START RECORDED INFORMATION

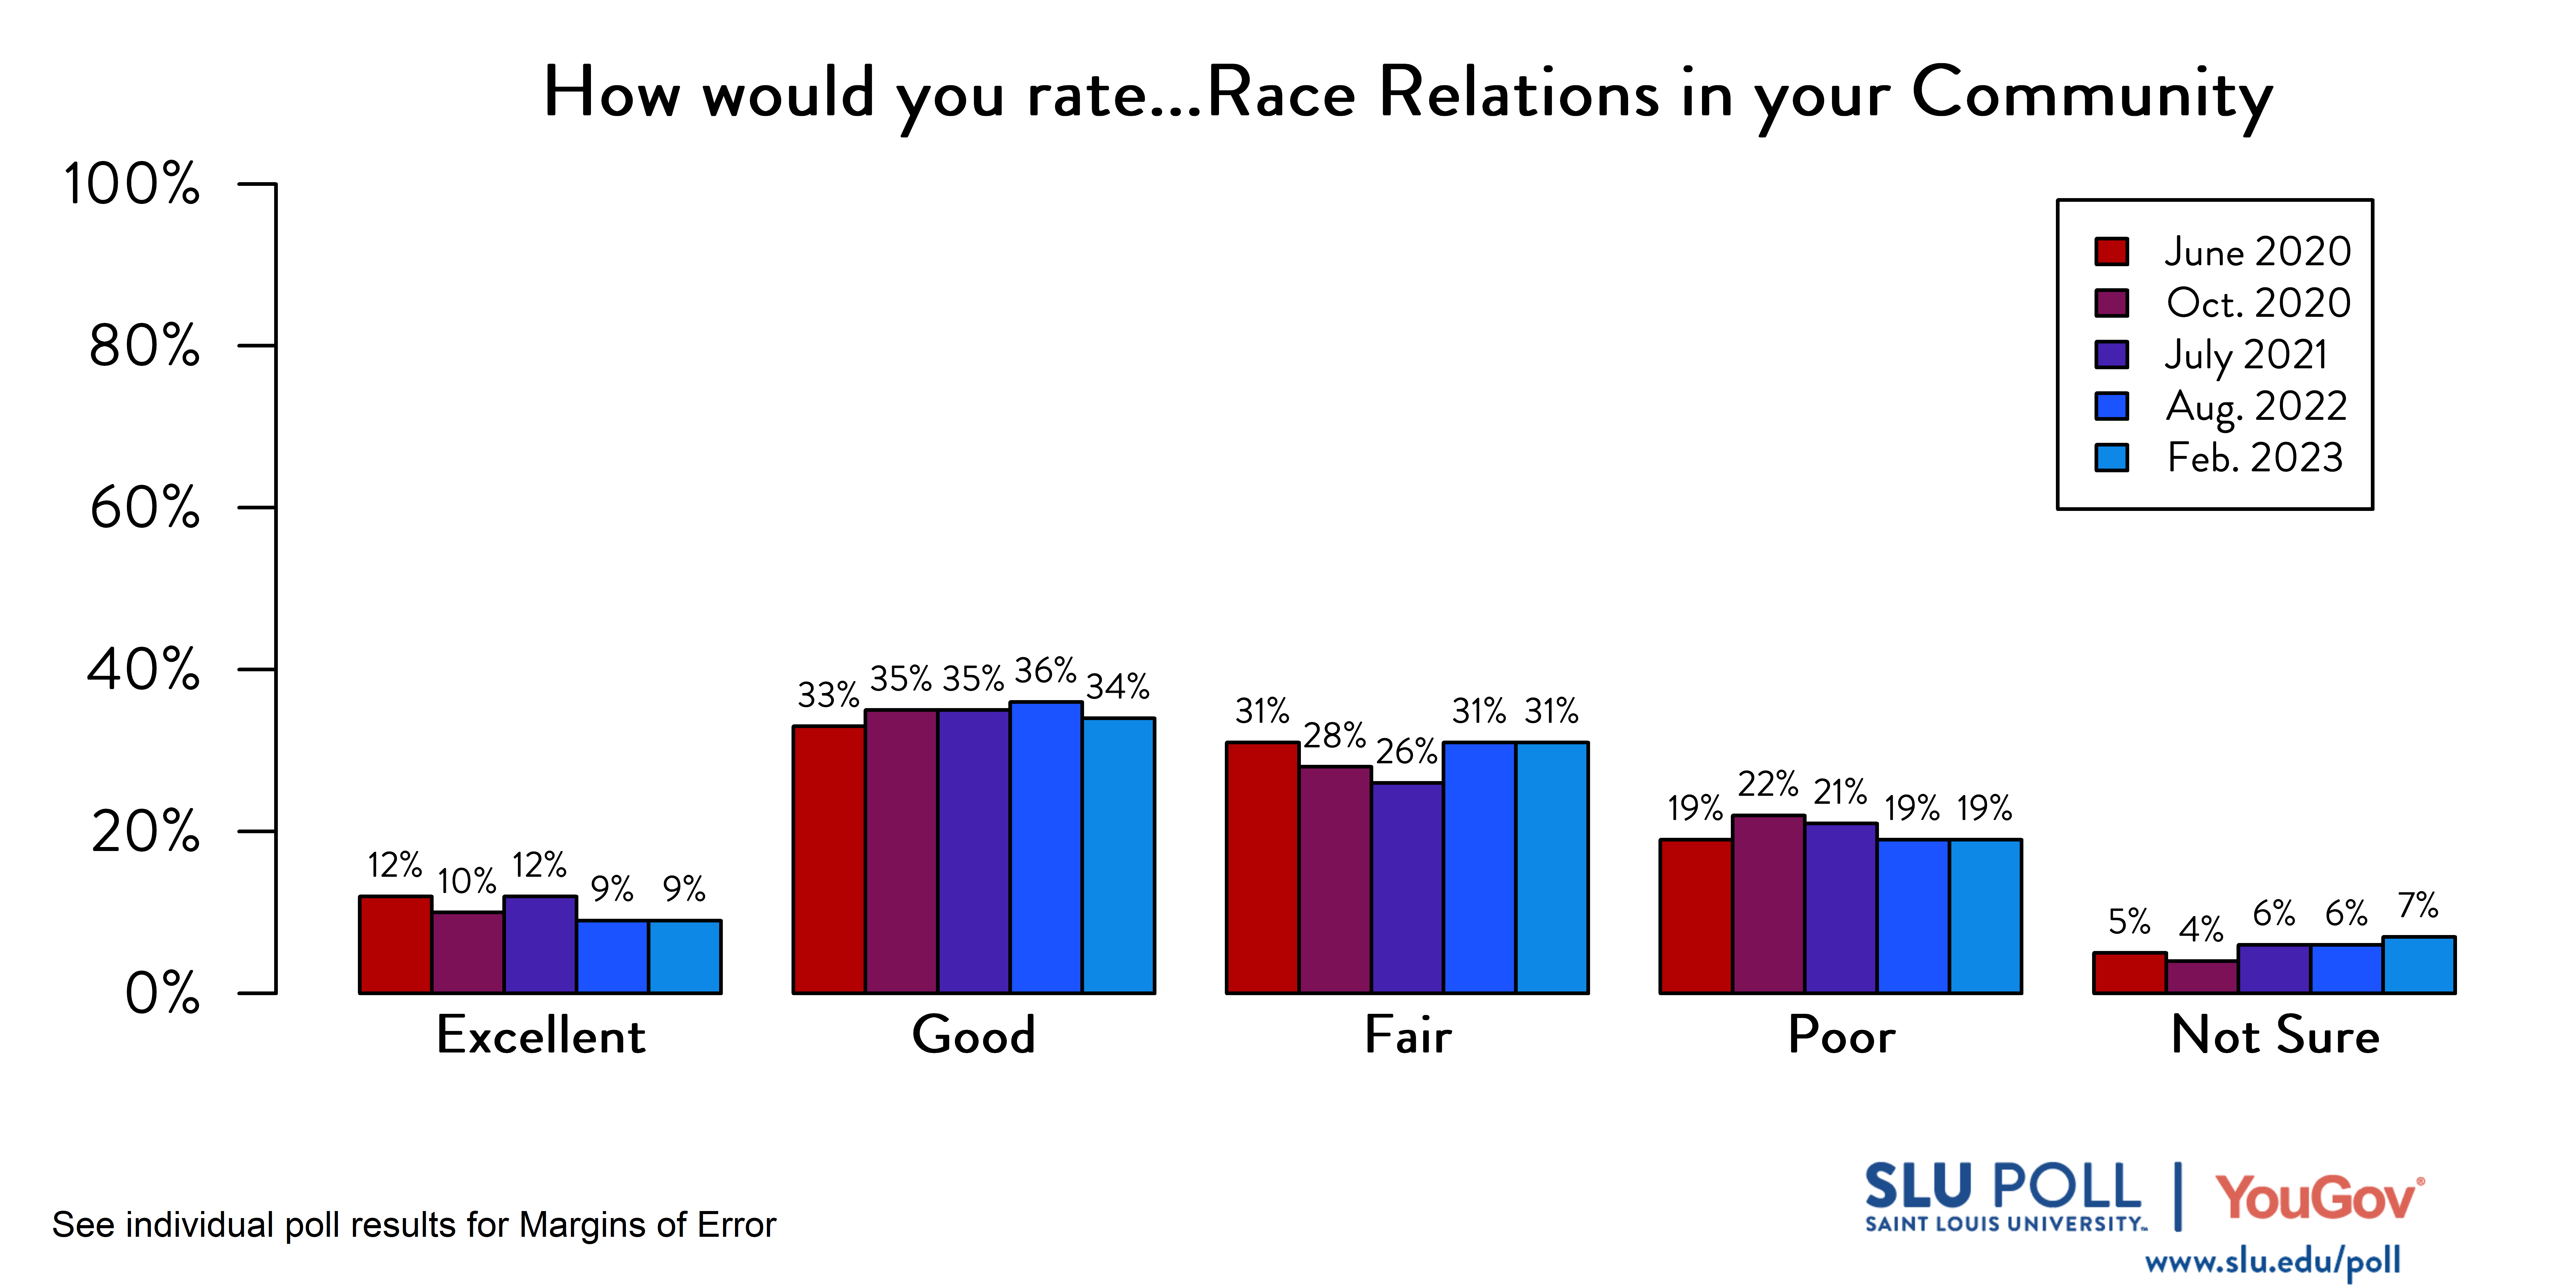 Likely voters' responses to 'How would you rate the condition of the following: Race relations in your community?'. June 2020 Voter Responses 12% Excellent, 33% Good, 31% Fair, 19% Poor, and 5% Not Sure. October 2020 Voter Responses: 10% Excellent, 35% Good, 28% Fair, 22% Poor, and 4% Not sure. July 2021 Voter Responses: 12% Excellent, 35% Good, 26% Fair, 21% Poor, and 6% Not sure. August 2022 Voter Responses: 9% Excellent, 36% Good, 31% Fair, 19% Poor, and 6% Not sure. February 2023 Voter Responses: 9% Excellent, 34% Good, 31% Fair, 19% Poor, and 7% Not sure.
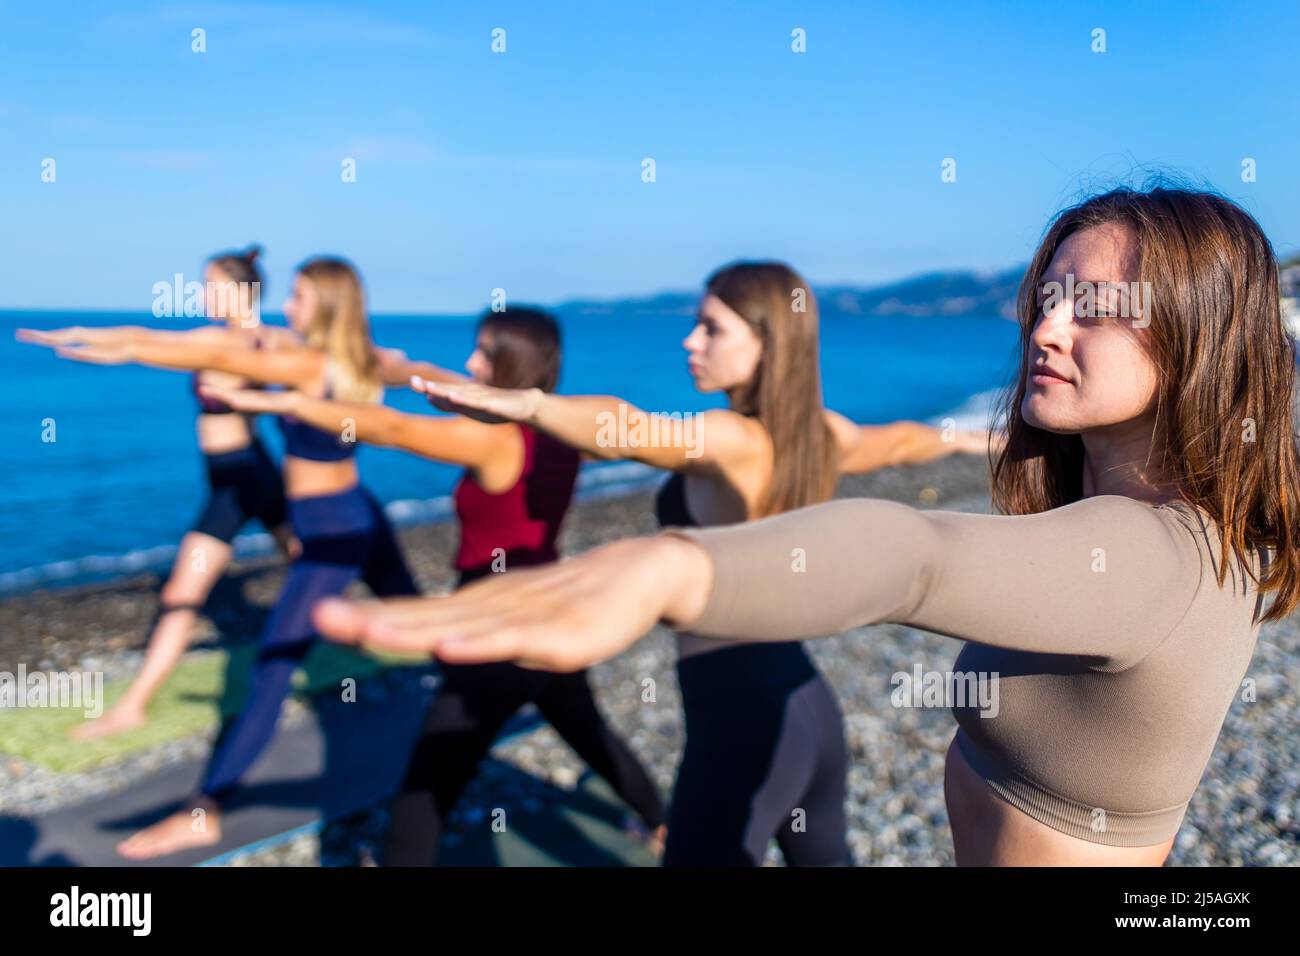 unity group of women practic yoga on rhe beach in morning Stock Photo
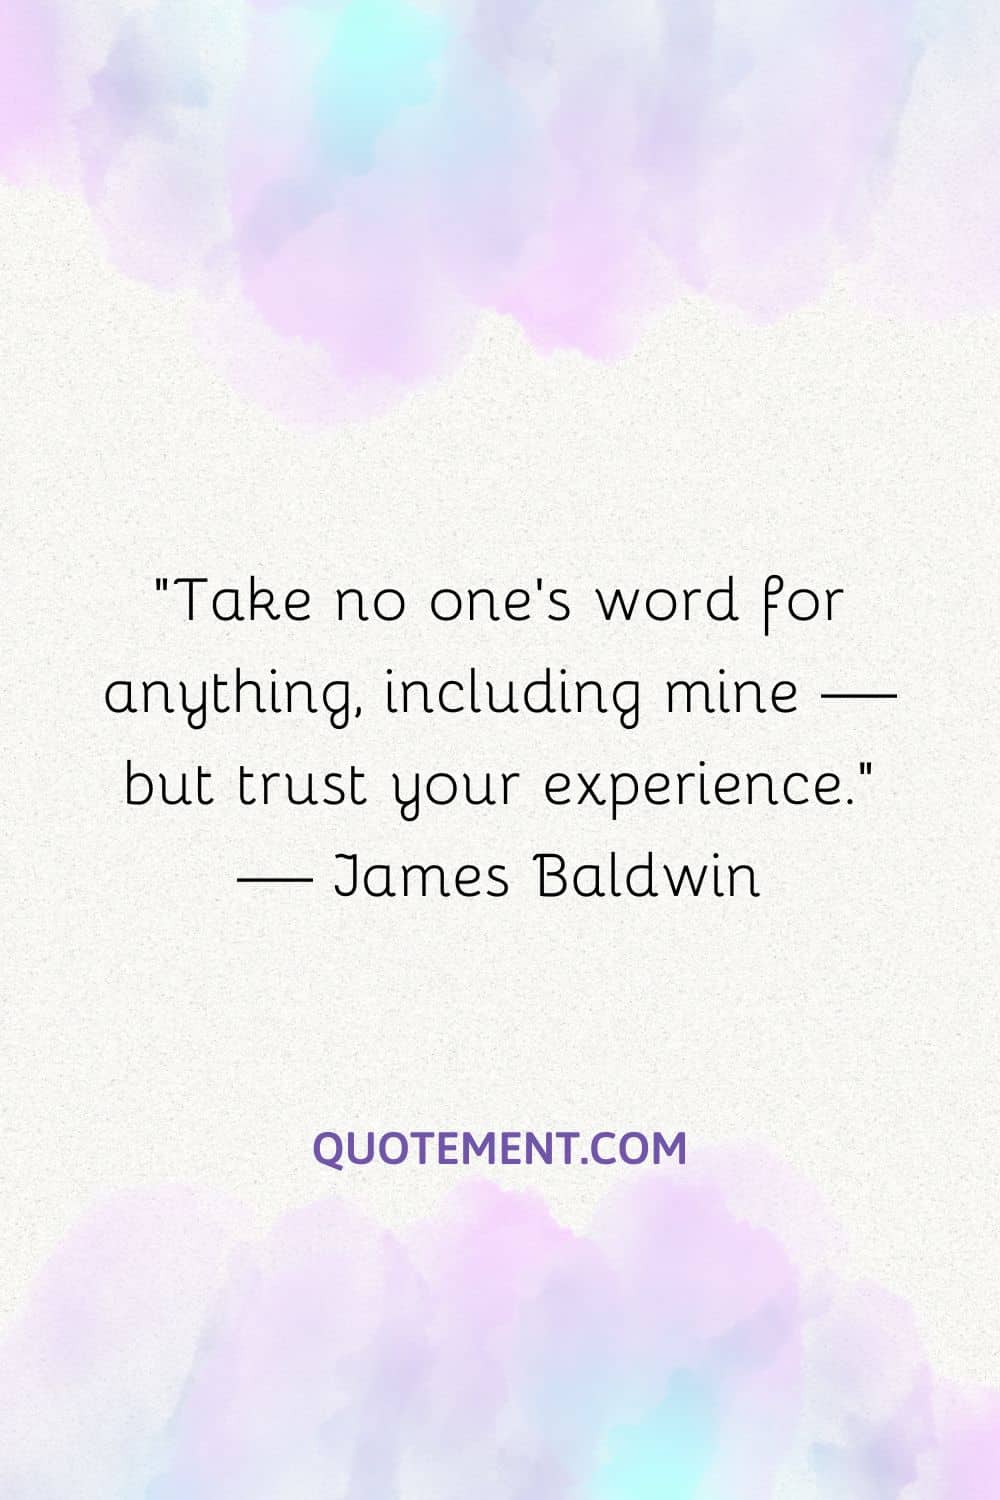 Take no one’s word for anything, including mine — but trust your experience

END RECORDED INFORMATION

Every word of the material, and none of its pictures, should be set down again.

• TASK RESULT:
 Likely voters' responses to 'How would you rate the condition of the following: Race relations in your community?'. June 2020 Voter Responses 12% Excellent, 33% Good, 31% Fair, 19% Poor, and 5% Not Sure. October 2020 Voter Responses: 10% Excellent, 35% Good, 28% Fair, 22% Poor, and 4% Not sure. July 2021 Voter Responses: 12% Excellent, 35% Good, 26% Fair, 21% Poor, and 6% Not sure. August 2022 Voter Responses: 9% Excellent, 36% Good, 31% Fair, 19% Poor, and 6% Not sure. February 2023 Voter Responses: 9% Excellent, 34% Good, 31% Fair, 19% Poor, and 7% Not sure.
 unity group of women practic yoga on rhe beach in morning Stock Photo
 Take no one’s word for anything, including mine — but trust your experience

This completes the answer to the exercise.